> Exercise details: Exact copies of the lines below, from the one with "Rowan wood 1.6" up to and including the one with "Saucony Ride 8", are what this calls for; leave out pictures.

Task input Block Start

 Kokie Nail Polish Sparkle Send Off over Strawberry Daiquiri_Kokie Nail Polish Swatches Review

Task input Block End
Task input Block Start

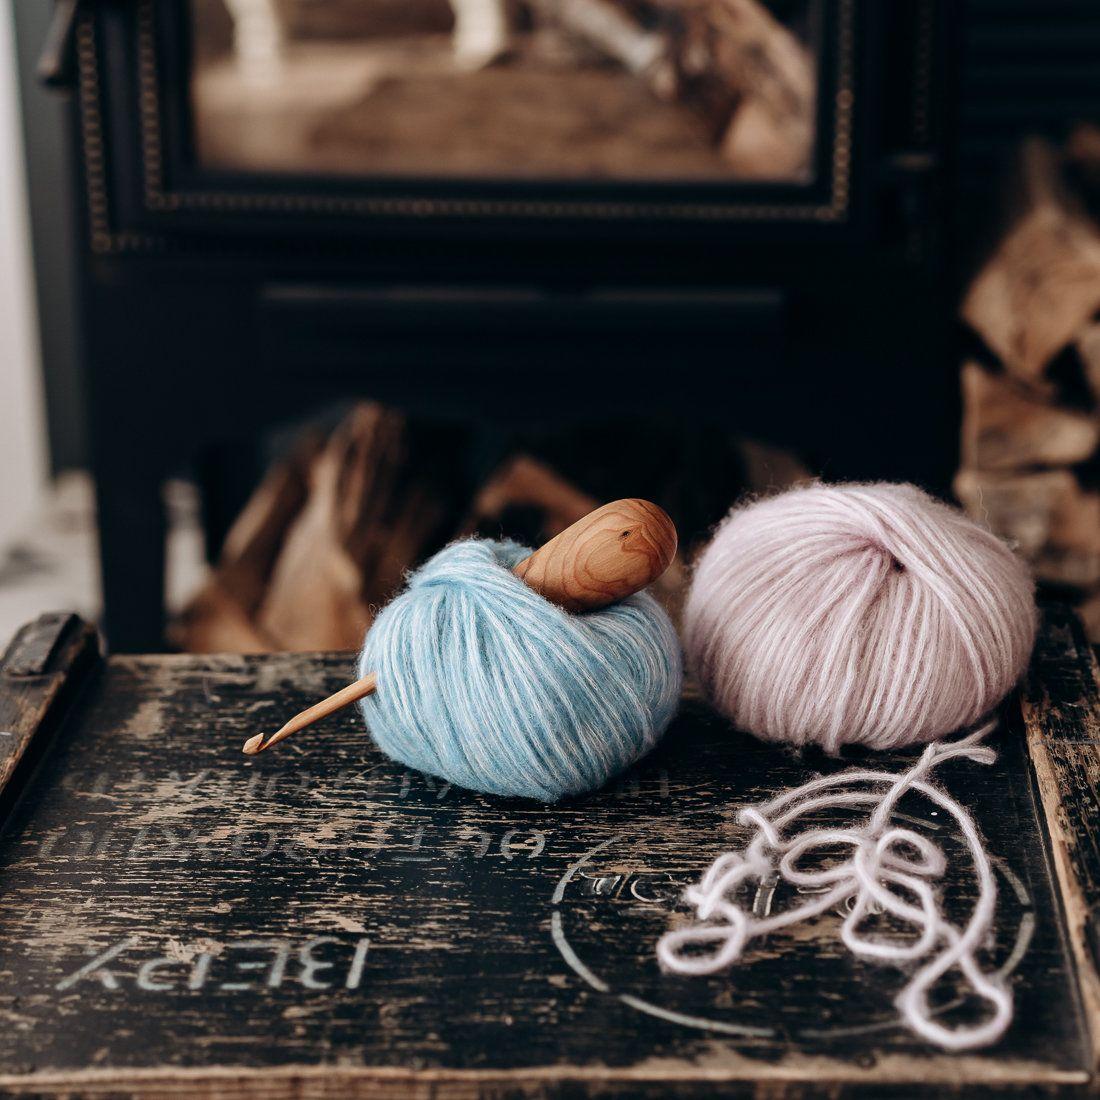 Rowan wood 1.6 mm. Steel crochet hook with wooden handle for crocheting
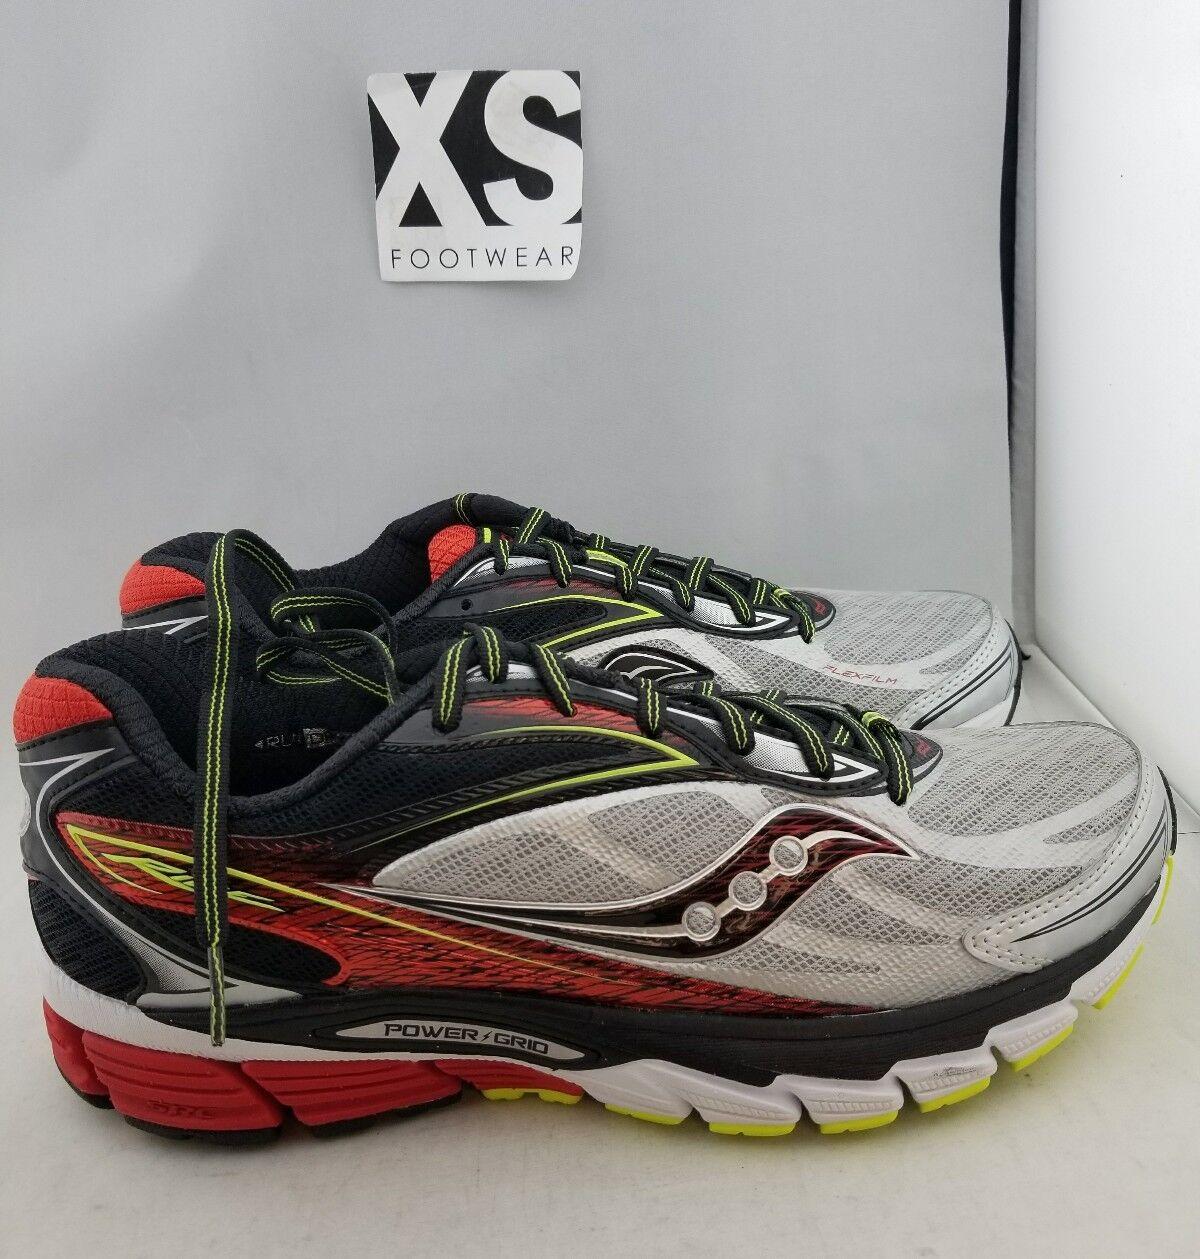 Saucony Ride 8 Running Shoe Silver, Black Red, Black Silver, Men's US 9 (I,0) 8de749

Task input Block End

> Written response:
 Rowan wood 1.6 mm. Steel crochet hook with wooden handle for crocheting
 Saucony Ride 8 Running Shoe Silver, Black Red, Black Silver, Men's US 9 (I,0) 8de749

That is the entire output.